1. Atom will have an associated machine readable OWL document that
defines each
of the objects and properties described in the Atom syntax spec,
with language
that mirrors that of the spec.
1.1 The IETF document is the final arbiter of any disputes
2. The Atom-OWL document will be placed at the namespace location of
the Atom spec.
2.1 it will be retrievable in full by requesting that http location
using the application/rdf+owl mime type
2.2 any of the atom properties or Entities definition will be
retrievable by
requesting the url of those entities in a web browser
2.3 a link to the atom-owl document will be placed from the IETF
spec to the
atom-owl document, specifying that a machine readable version
of the spec
is available at that location.
2.4 And vice versa the Atom-owl document will point to the IETF
spec as the
final arbiter of the meaning of the Atom-OWL document
3. Evolution of the Atom-OWL and Atom IETF specs
3.1 The aim is that any IETF Atom conformant document, be an RDF
document
as described by something like the transformation in [1]
3.1 during the evolution of the atom OWL development, the atom-owl
document
will be under the obligation to do anything it can within the
syntax
allowed by rdf and owl to map precisely the IETF document
3.2 If it is absolutely impossible for some aspect of atom-owl to
map the
IETF document, this should give some cause to think of revising
the IETF
spec so that such a mapping does become possible.

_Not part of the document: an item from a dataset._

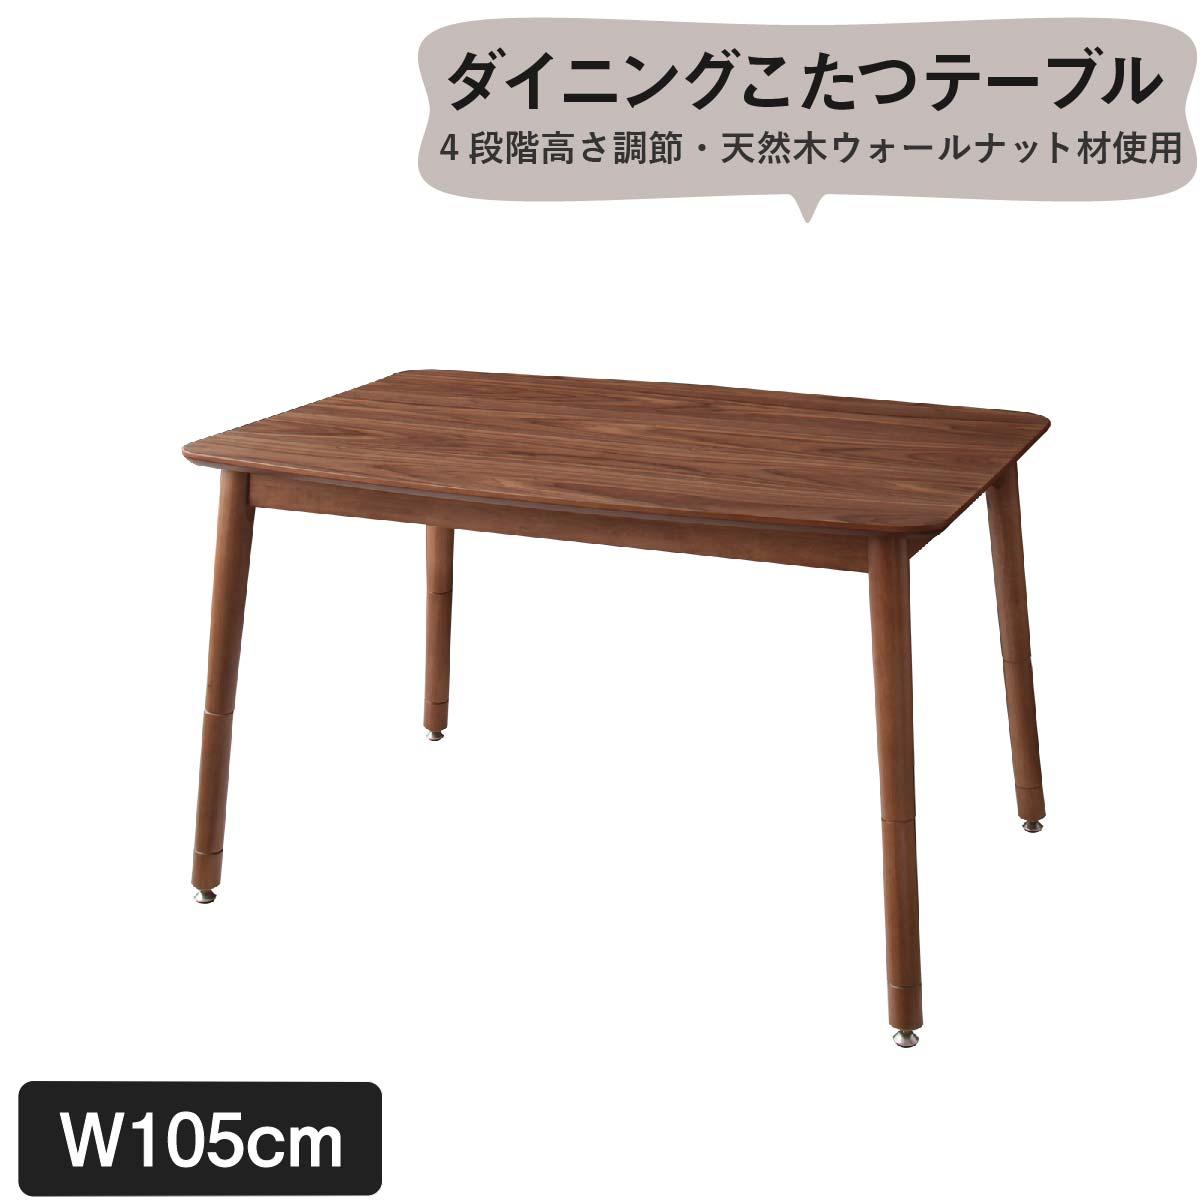 [送料無料] こたつもソファも高さ調節できるリビングダイニングセット ダイニングテーブル W105

This should
be rare.
4. An Atom extended document is an Atom document with additional name
spaced
elements the whole of which can be mapped into an RDF graph.
Henry Story
[1] http://www.imc.org/atom-syntax/mail-archive/msg11850.html
On 8 Jan 2005, at 19:49, Tim Bray wrote:
[On behalf of Paul and myself:]
The opinion has been forcefully expressed that Atom should adopt an
extensibility framework based partly or wholly, directly or
indirectly, on RDF. This idea is not unreasonable on the face of it.
Thus, the time has now come to put this into a concrete proposal.
Since we've talking about it for months, this shouldn't take long.
Would the advocates of this view please, by Monday January 17th, bring
the WG a proposal for its consideration. This could take one of these
forms:
- A Pace proposing extensibility-framework changes to the language of
the format draft. (Rob/Joe, any chance of getting that -04 draft I
know you're working on published Real Soon Now as a basis?)
- A new Internet-Draft that co-exists with the existing Atom drafts
that describes an extensibility framework.
- Both.
Note that if you do a Pace and it fails to obtain quick consensus, the
ideas may fall by the wayside; on the other hand, if you do an I-D
this may find a life of its own and wind its way to RFC-hood even if
people in the Atom community remain unconvinced that they need it.
Also, work on an I-D would be free of the distraction of Paul and I
snarling at everyone to finish it up and ship it right now :)
On the other hand, if the extensibility framework requires only a few
simple additions and/or changes to the existing drafts, and there's a
chance the WG will be OK with them, then that's probably a much better
way to go.
In any case, we've invested enough time arguing in the abstract.
Discussions on this subject which are not framed in terms of specific
language in specific documents will be ruled out of order by the
co-chairs starting Monday January 17th.